Но музыка тогда была повсюду, ее становилось все больше и больше, мир открывался через музыку, ибо нельзя было заткнуть эфир во всю его ширину и глубину.

Вскоре уже вовсю зазвучали «Битлз», Криденс, Литл Ричард, Адамо, Рей Конифф со своей компанией голосовых свингов и конечно же Рей Энтони Шоу, Бренда Ли, Рита Павоне, Николо Дибари, Чарли Паркер, Фрэнк Синатра, Луи Армстронг и Элла Фицджеральд. И все это разливалось на улицах города большим ковшом: подходи, наливай и пей полным горлом. У моего окна выстраивалась толпа, по вечерам и я врубал на полную мощность Элвиса Пресли, и какому тогда обкому было устоять, который с трудом выпускал на сцену Эдиту Пьеху и Эдди Рознера после долгих комиссий и прослушиваний. Вот здесь и кончилась советская власть, когда появился магнитофон и коротковолновик «Спидола», который брал запросто с шестнадцати метров «Голос Америки» из Вашингтона. И не антисоветские речи сражали тогда совок, а «Саммэ тайм» Гершвина или истошный вопль Мика Джаггера. Дальше — больше… Конечно, уютно примостились в наших домах на правах самых близких и Окуджава, и Высоцкий, и Клячкин, и Кукин, и Визбор, и Галич. Вот уж где пропустили удар так пропустили. Боялись ракетно-ядерного удара, а пропустили музыкальный. Ибо, когда Эдит Пиаф своим скрипучим великим голосом вещала о своей любви и смерти всему миру, и у нас все понимали, что это ложь, мол, там на Западе одни беды, а у нас — другие, всем становилось ясно, что боль, трогавшая Эдит, — это и наша, и боль каждого.

А дальше еще хуже — появилась настоящая философская популярная музыка, и молодежь уже не только через сложных Рахманинова и Пендерецкого, но и через «Моди Блюз», «Кровь», пот и слезы Джетро Тал, Кинг Кримсон, Мохавишну Супертрэмп и далее везде, через «Пинк Флойд», наконец, через настоящий американский черный блюз могла кое-что понять на доступном языке родной шестиструнной и голосовых связок. И самое главное — всему этому без сожаления отдалась сама природа, она как бы слушала себя, доселе не слышанную, и мы слушали себя, доселе неслыханных, и поэтому, как говорили тогда, пиздец подкрался незаметно.
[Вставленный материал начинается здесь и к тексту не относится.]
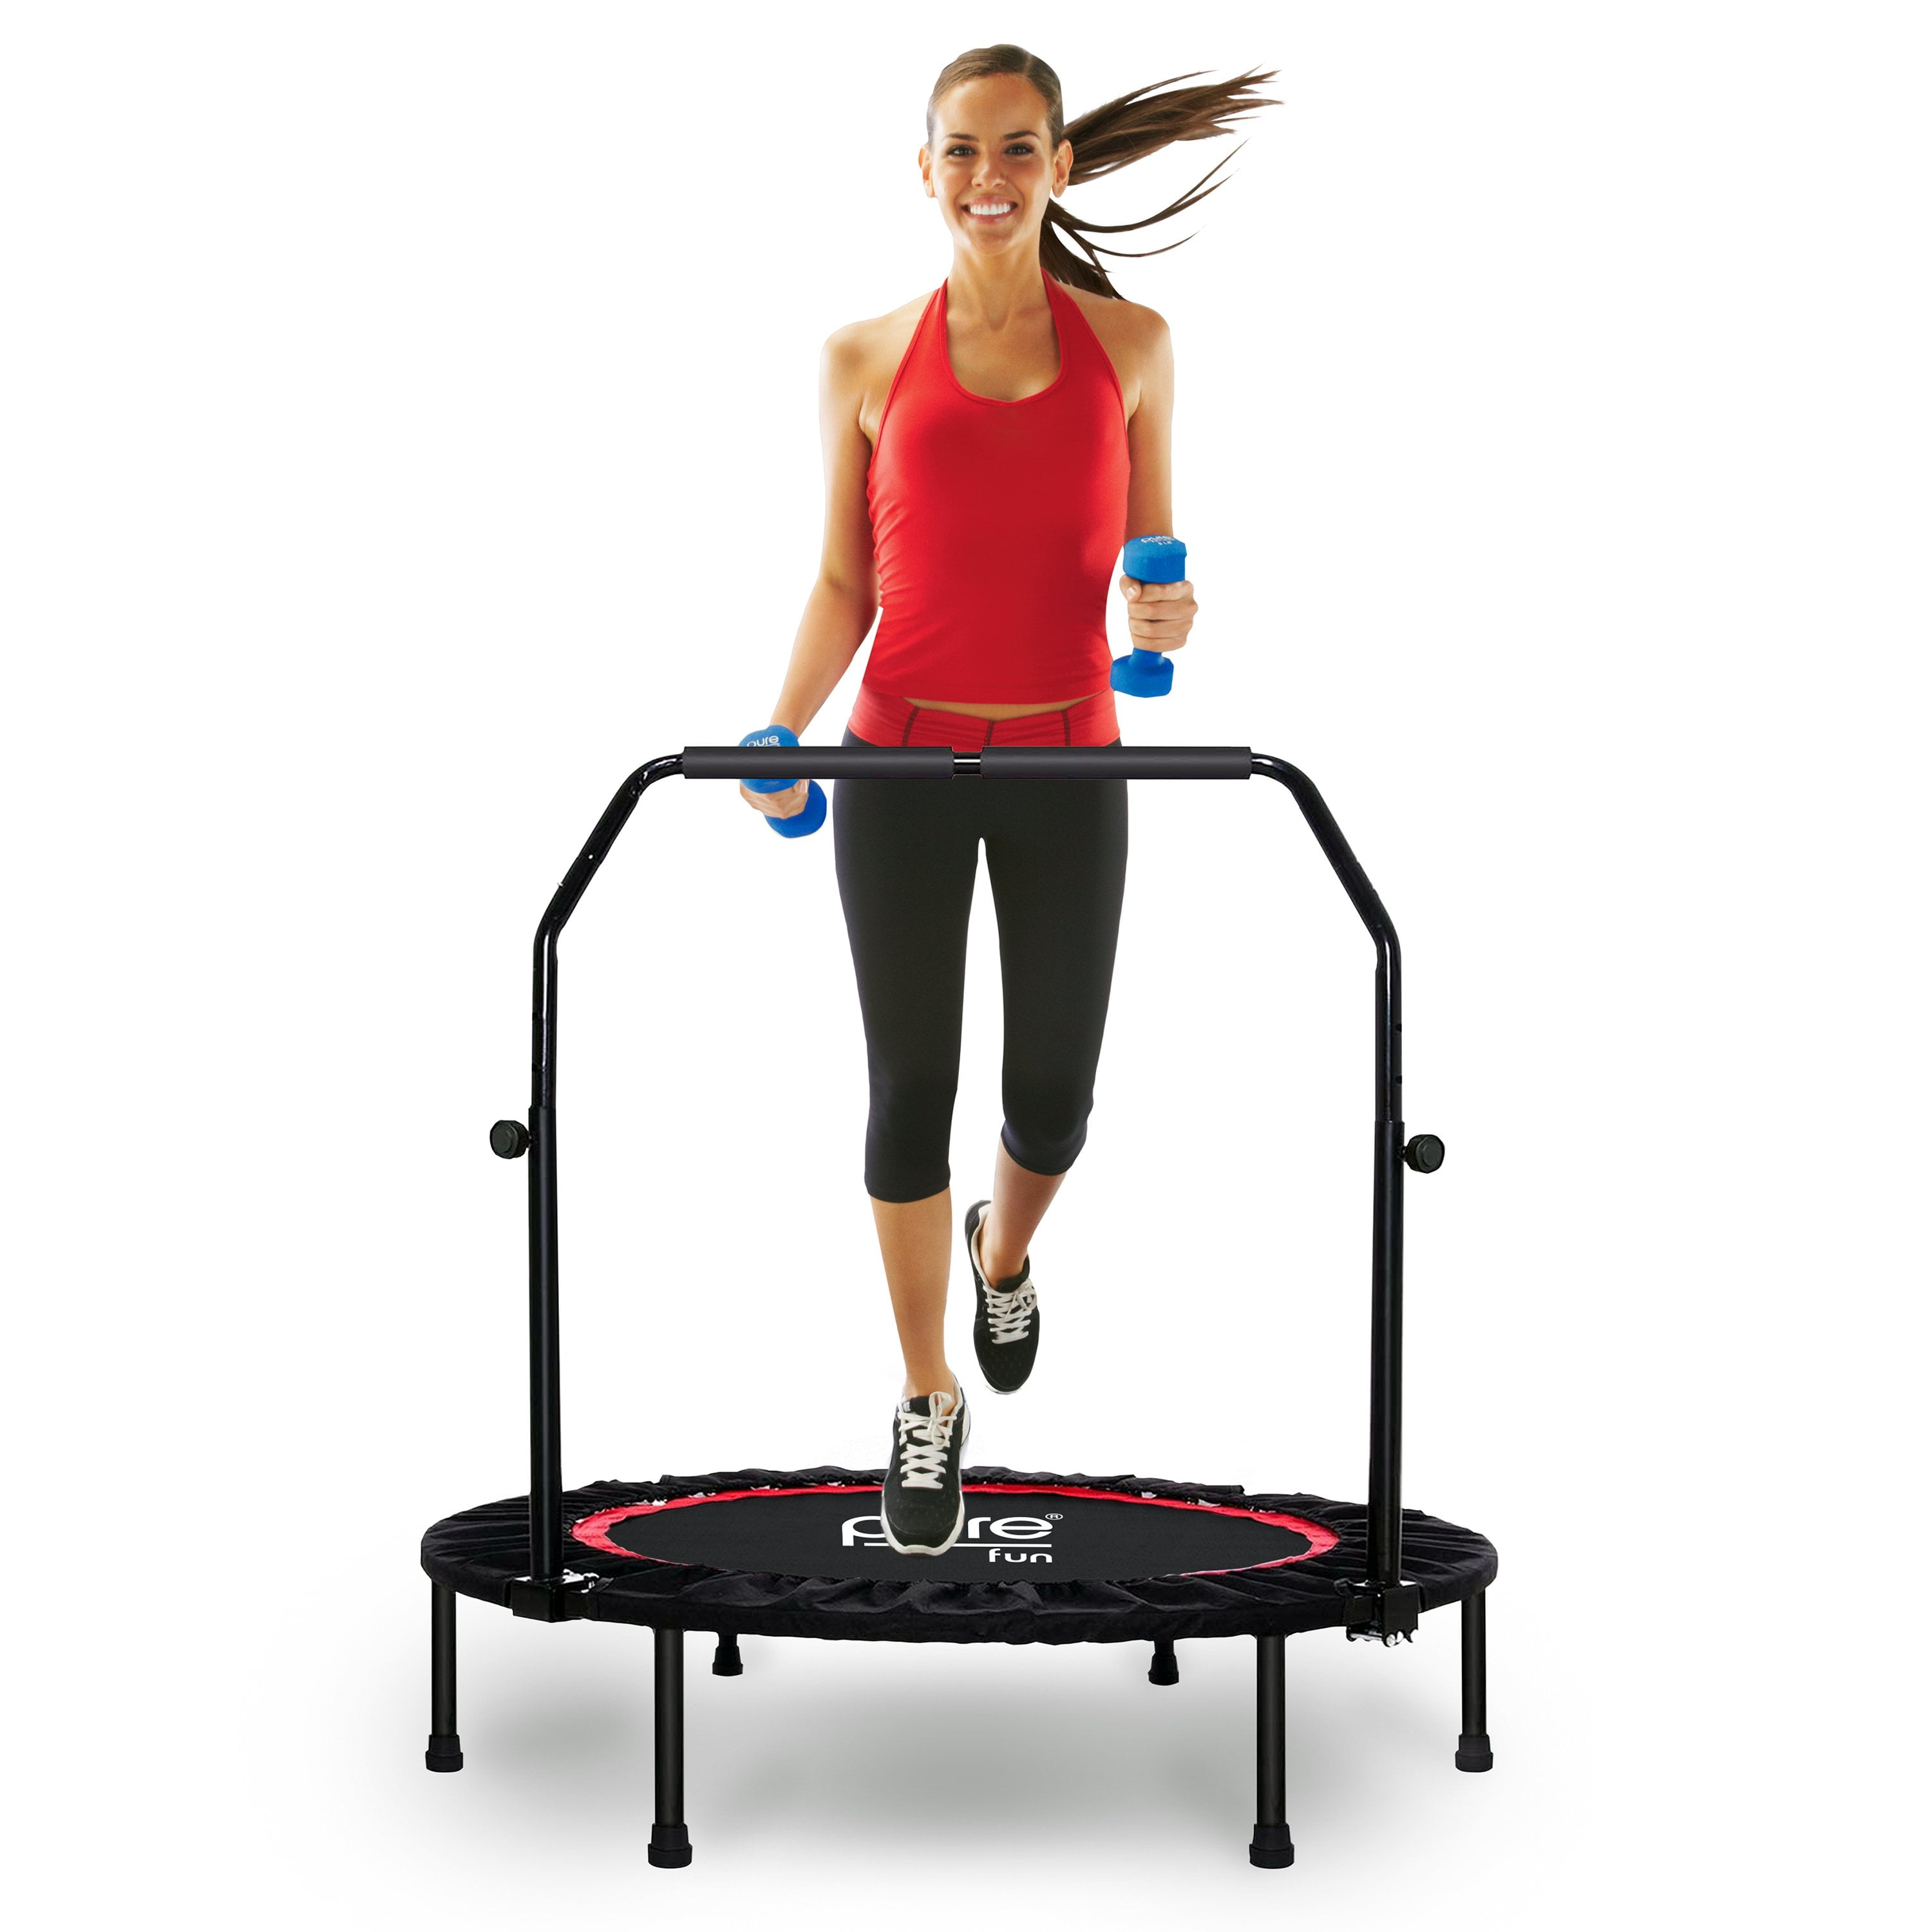 48" Adjustable Fitness Trampoline Rebounder Workout Exercise W/resistance Bands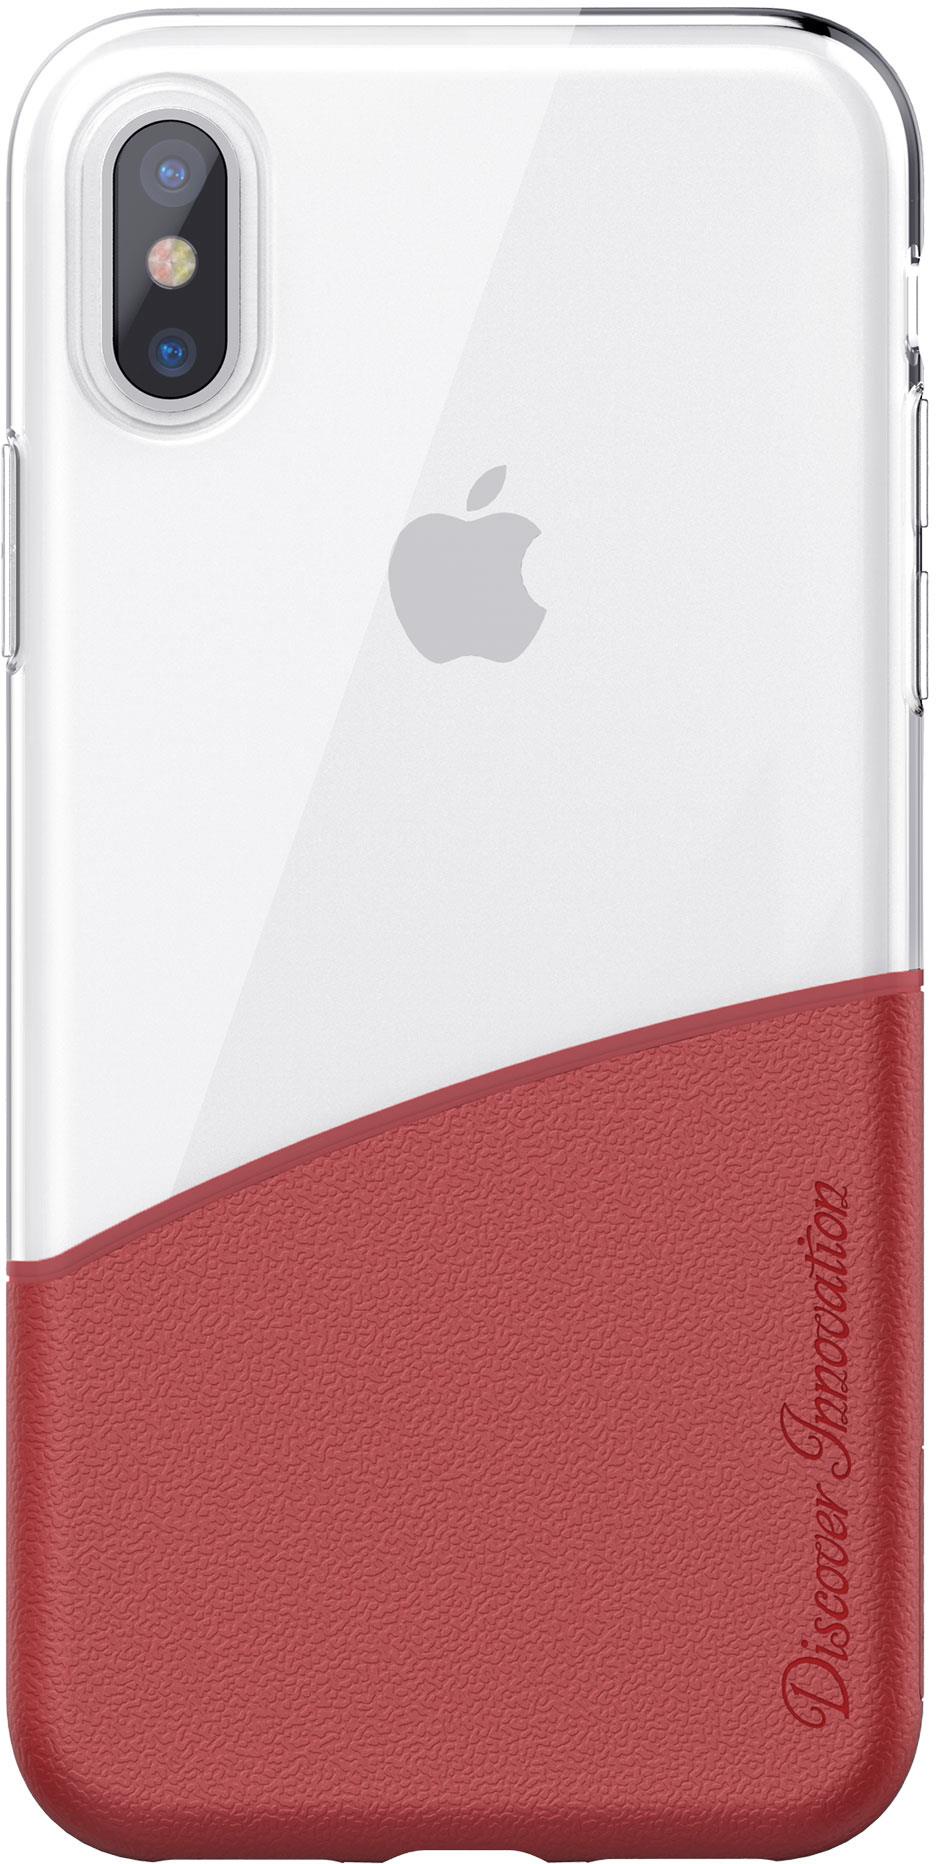 Чехол для сотового телефона Nillkin Half Case, 6902048146501, красный

Когда гэбэшники, конфисковавшие на таможнях или по стуку «Блэк шабаш» или Карлоса Сантану, не дробили пласты своими модными узконосыми шузами и не плясали на костях рок-н-ролла свой коричневый танец, а тайно тащили все это домой своим выкормышам, которые тоже торчали, как и все мы, от иглы, дрожащей в бороздке… — вот здесь совкам нужно было завязывать самим и начинать уже тогда перестройку по музыкальным нотам, а не под погребальные марши отцов коммунистической империи…

17

Демонстрации в городе были поводом для того, чтобы себя показать и других посмотреть. Надевалось самое лучшее, дефицитное. Колонны выстраивались с самого раннего утра в боковых улицах, а потом к десяти утра стекались к главной площади, где была установлена временная трибуна и на ней стояли местные партбоссы с подобающими ряшками. Они самодовольно улыбались и ждали народ, который будет снизу их любить и приветствовать. Люди брели всегда как-то вяло, и надо было их бодрить нечеловеческими здравицами, ожидая того же. И вот когда все как-то сникало, один из пузанков обхватывал микрофон, как бутылку армянского коньяка, и дул в нее: «Да здравствуют работники кирпичного завода под руководством нашей партии! На голову каждого горожанина приходится сейчас по тридцать восемь с половиной кирпичей! Ура!

Да здравствуют работники кожевенного комбината под руководством славной партии коммунистов! Два миллиона вьетнамцев и миллион камбоджийцев ходят в наших сандалиях!

Мир праху миллионам свиней, отдавших свою кожу нашим братьям по партии! Ура!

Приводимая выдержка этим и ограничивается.